- [Exercise] Beginning with the first line, retype exactly the records below up to and including the line with "Около 3,5 тыс."; pictures do not belong in the copy.

══ Material for this task

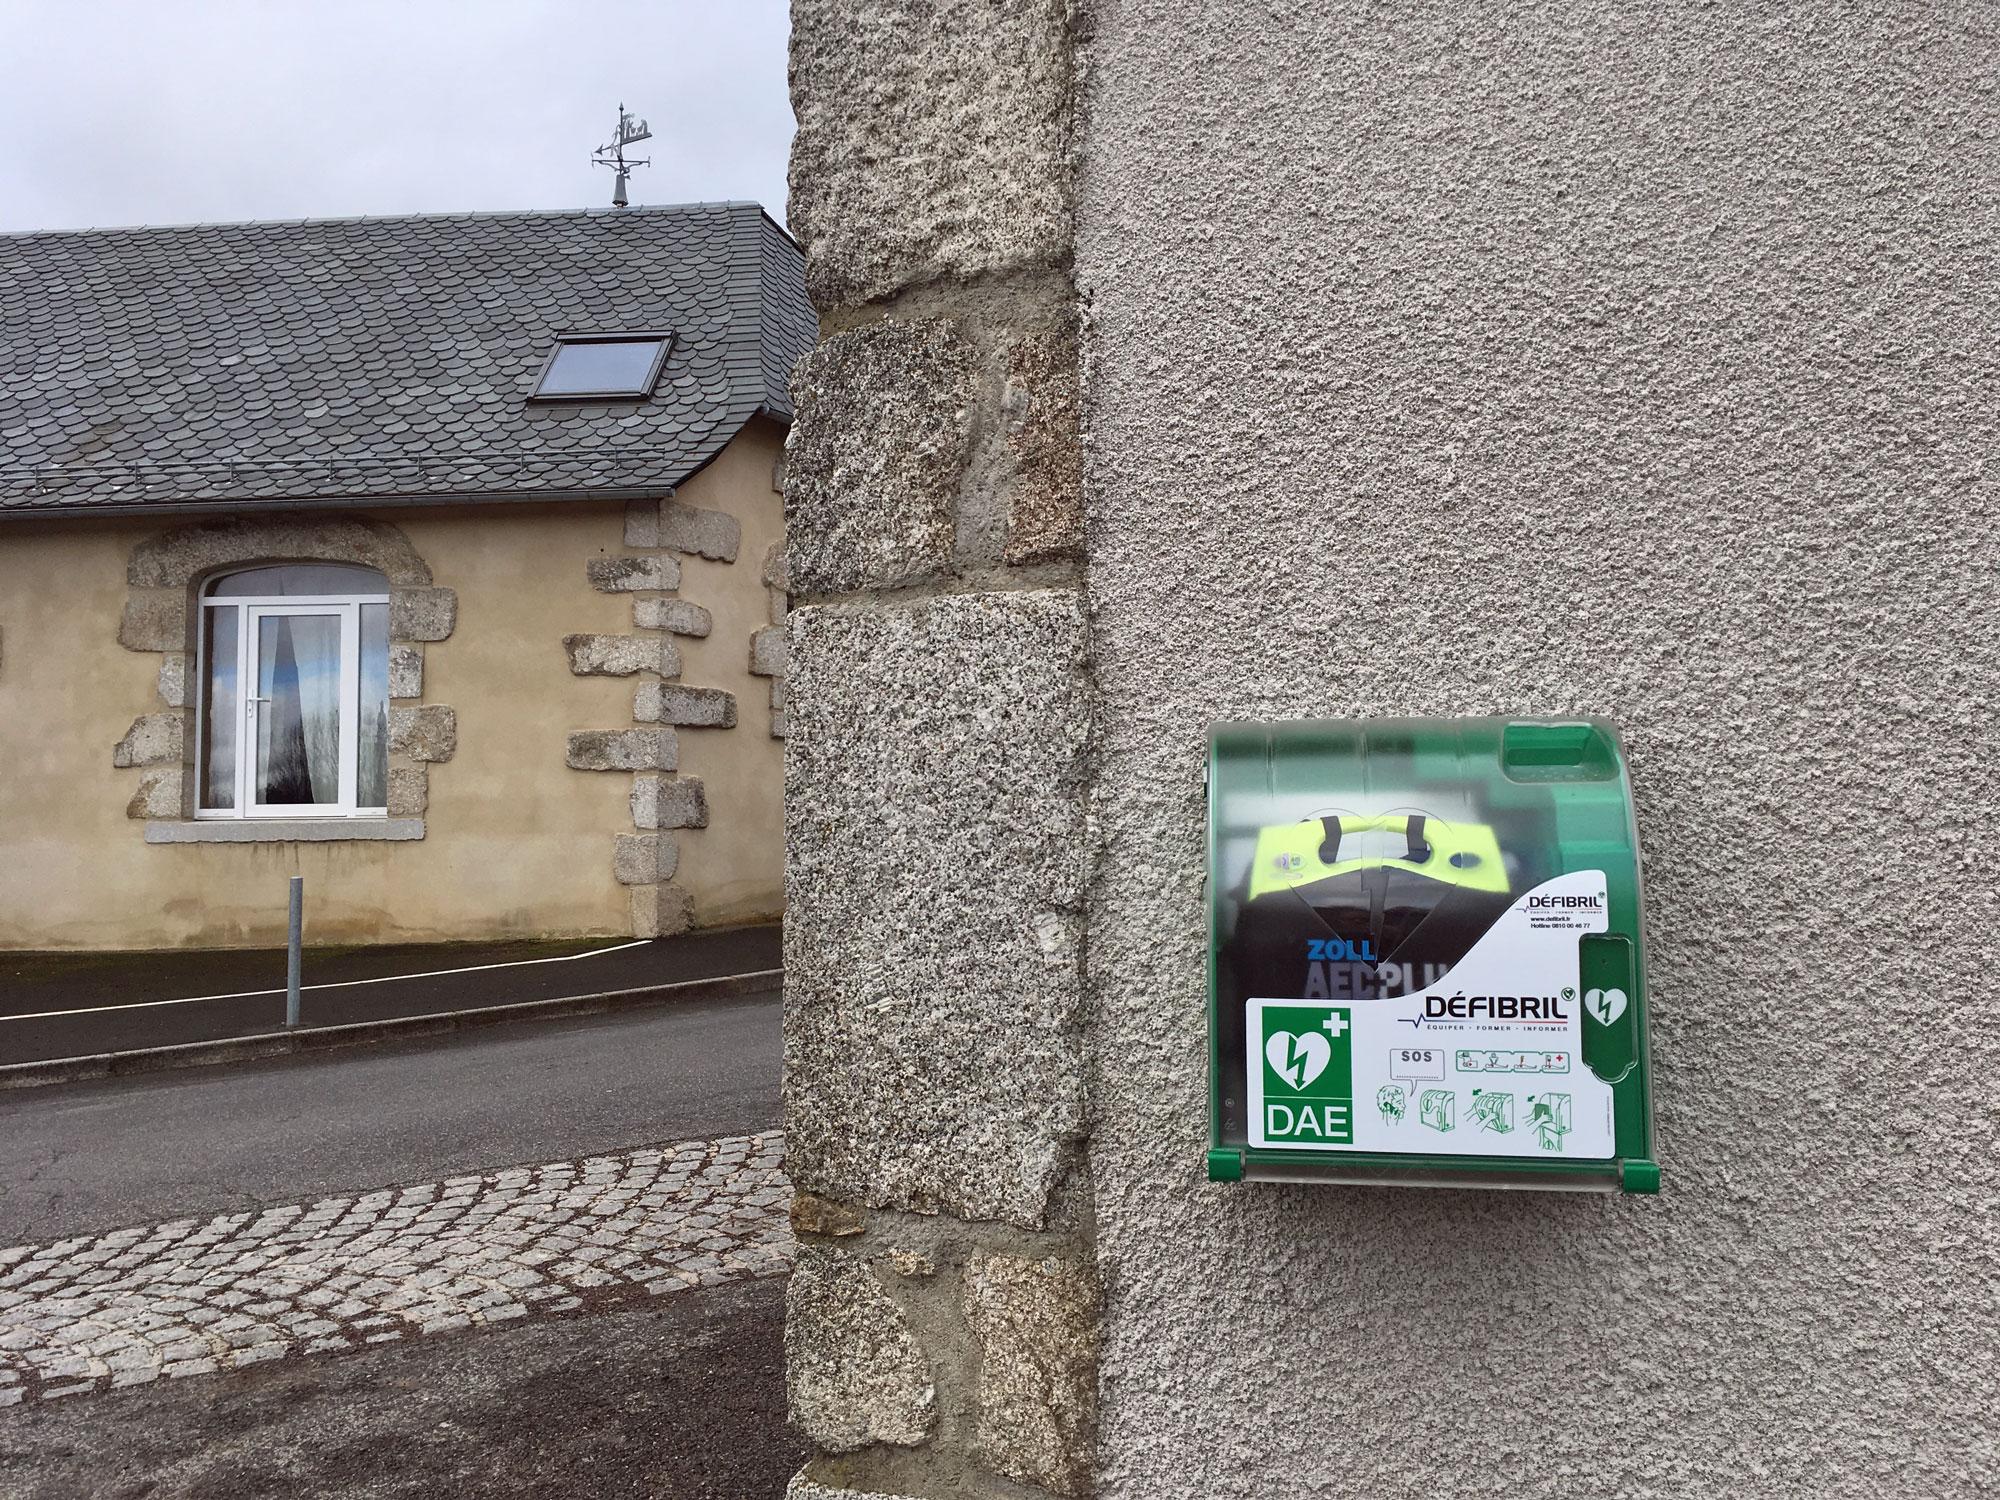 Un défibrillateur automatisé externe (DAE) vient d'être installé au Fau de Peyre sur la façade du restaurant del Faou, côté route de Salèles.
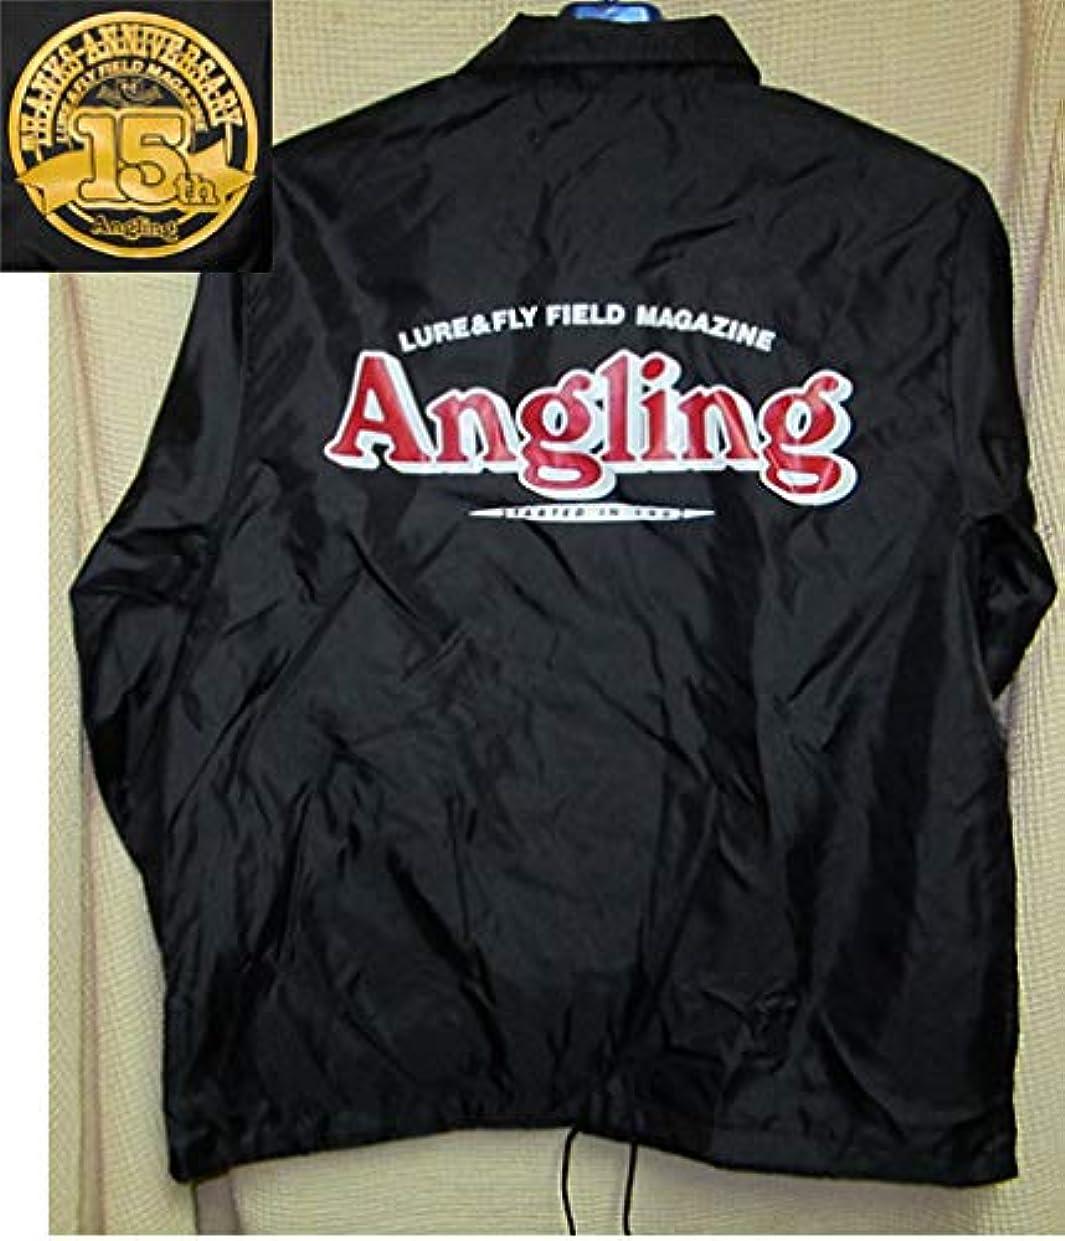 貢献想定するバーチャル激90年代USA製アングリング15周年記念限定コーチジャケット新品Anglingナイロンジャケット ウインドブレーカー フライ釣りルアー専門誌
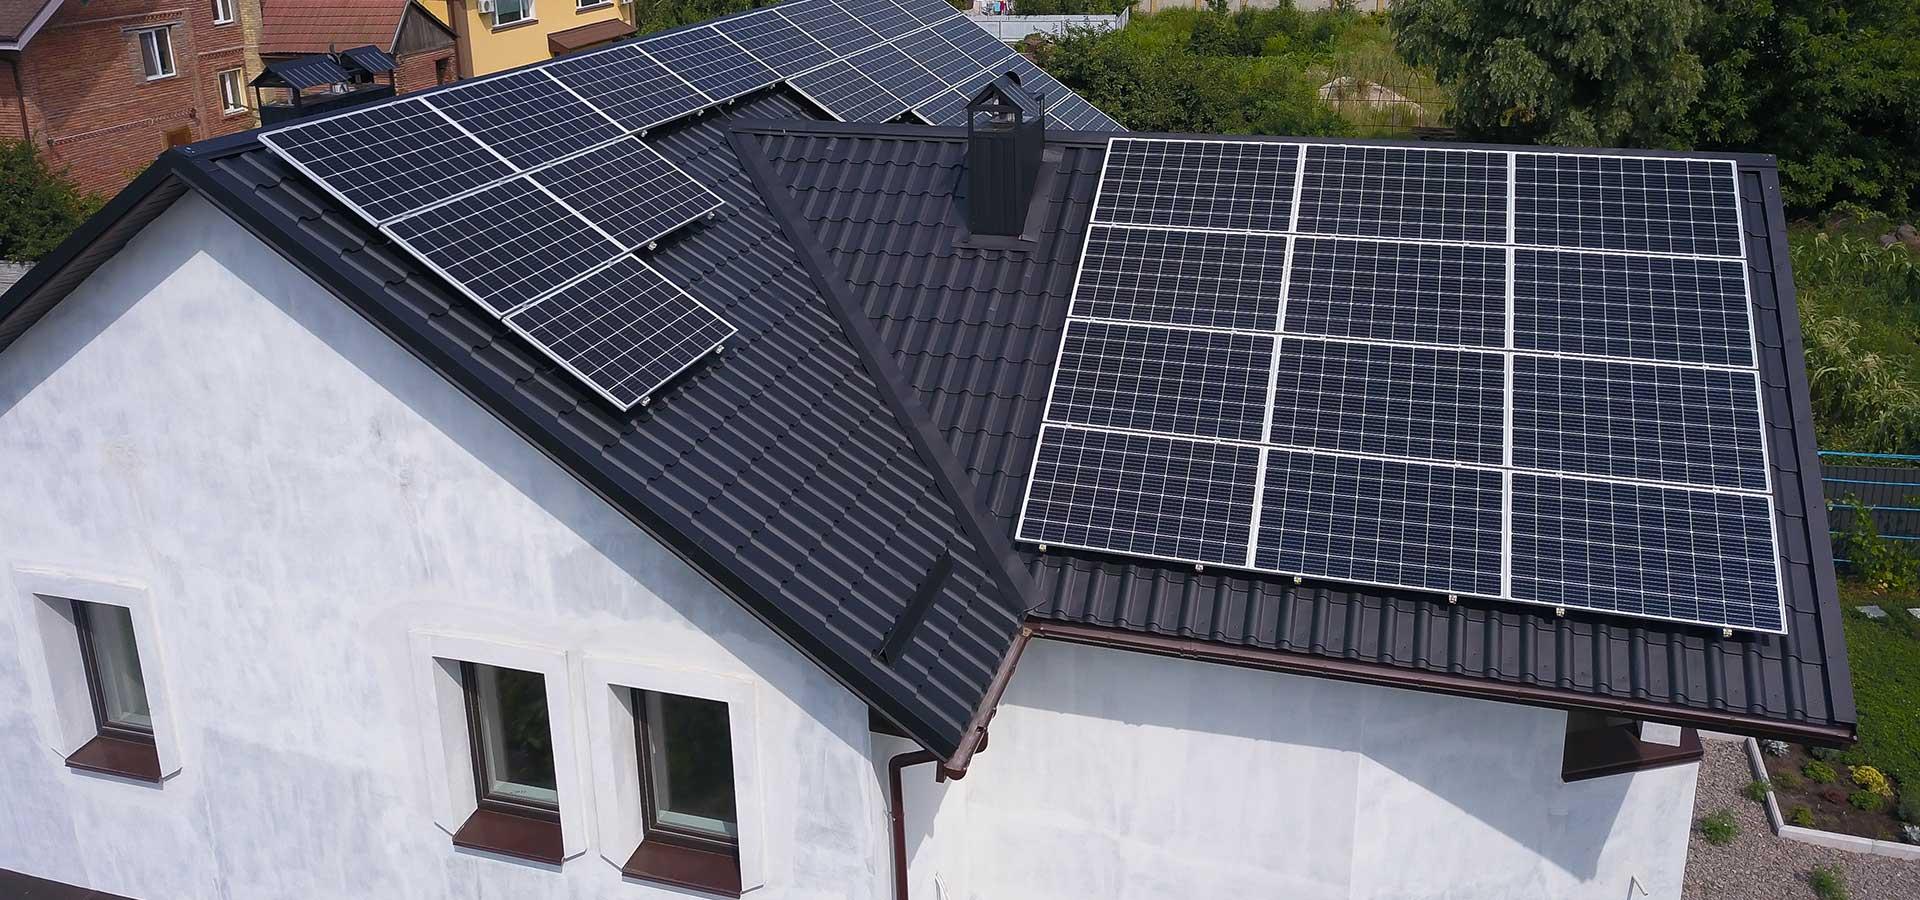 Около 3,5 тыс. домохозяйств установили солнечные электростанции во II квартале
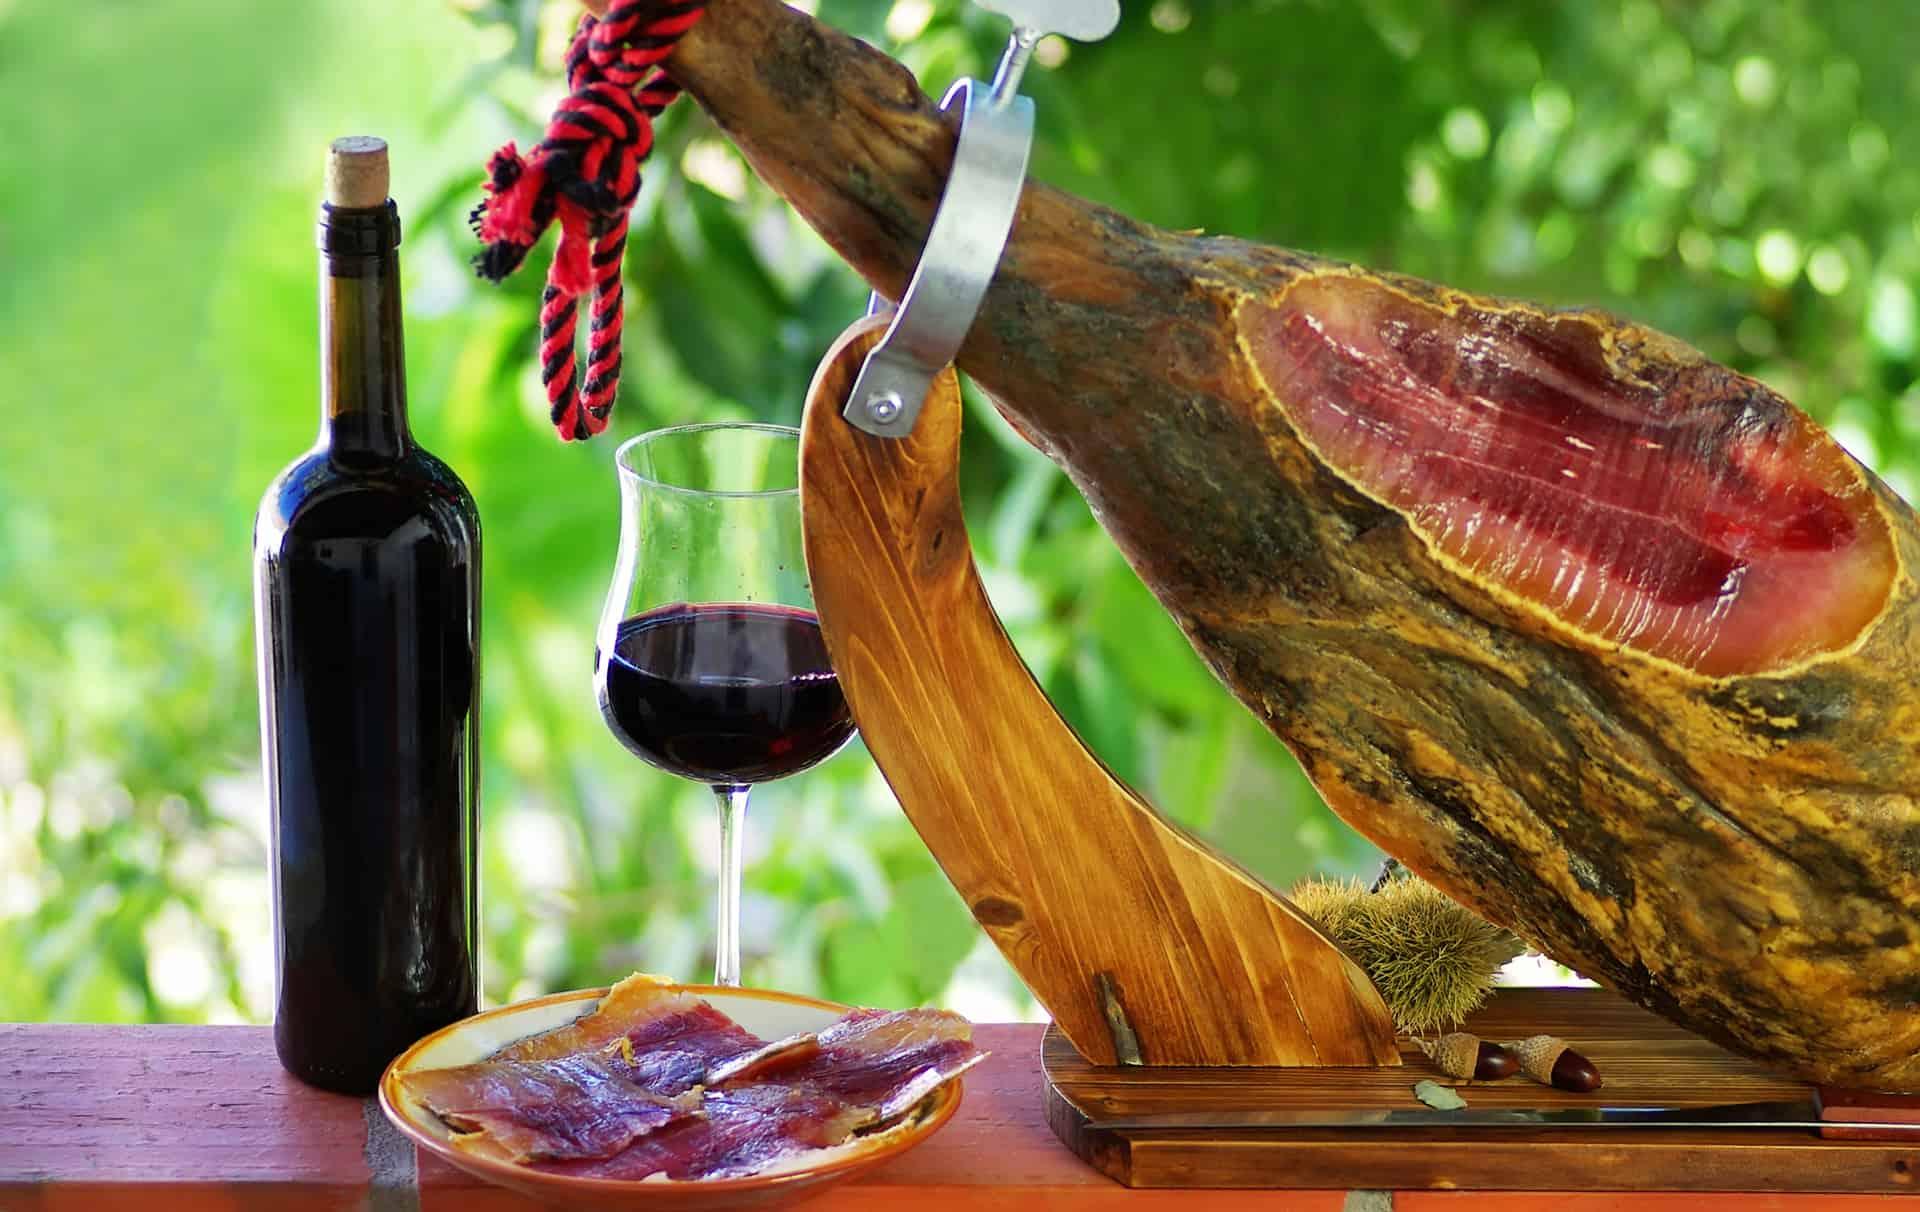 Kan du rejse til Spanien? Spanske vindistrikter, rødvin og pata negra skinke
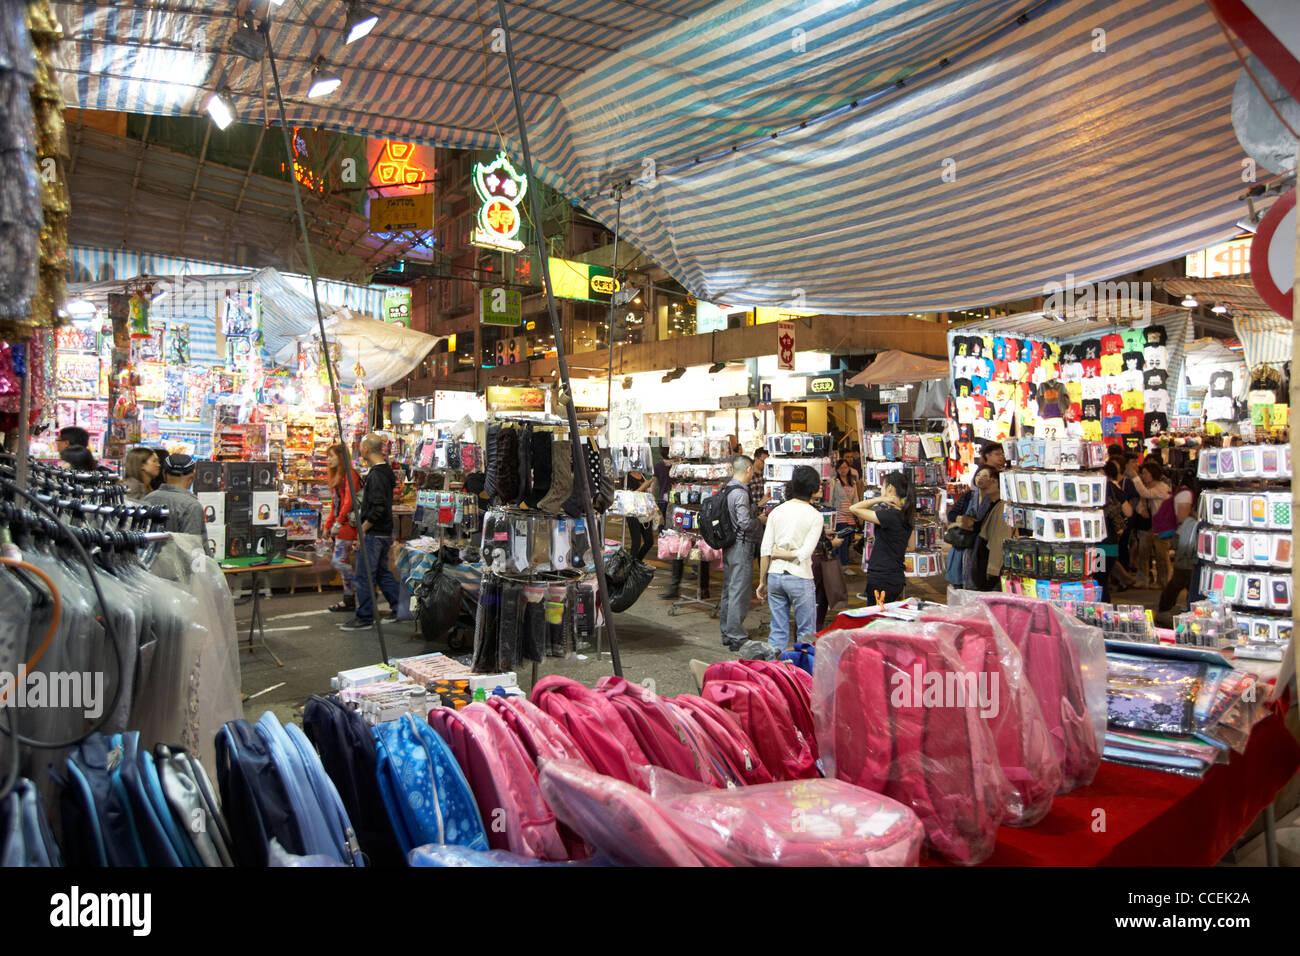 Hong Kong Suppliers and Hong Kong Manufacturers HKTDC 53

════

- [Result for this task]
 Un défibrillateur automatisé externe (DAE) vient d'être installé au Fau de Peyre sur la façade du restaurant del Faou, côté route de Salèles.
 貢献想定するバーチャル激90年代USA製アングリング15周年記念限定コーチジャケット新品Anglingナイロンジャケット ウインドブレーカー フライ釣りルアー専門誌
 Около 3,5 тыс. домохозяйств установили солнечные электростанции во II квартале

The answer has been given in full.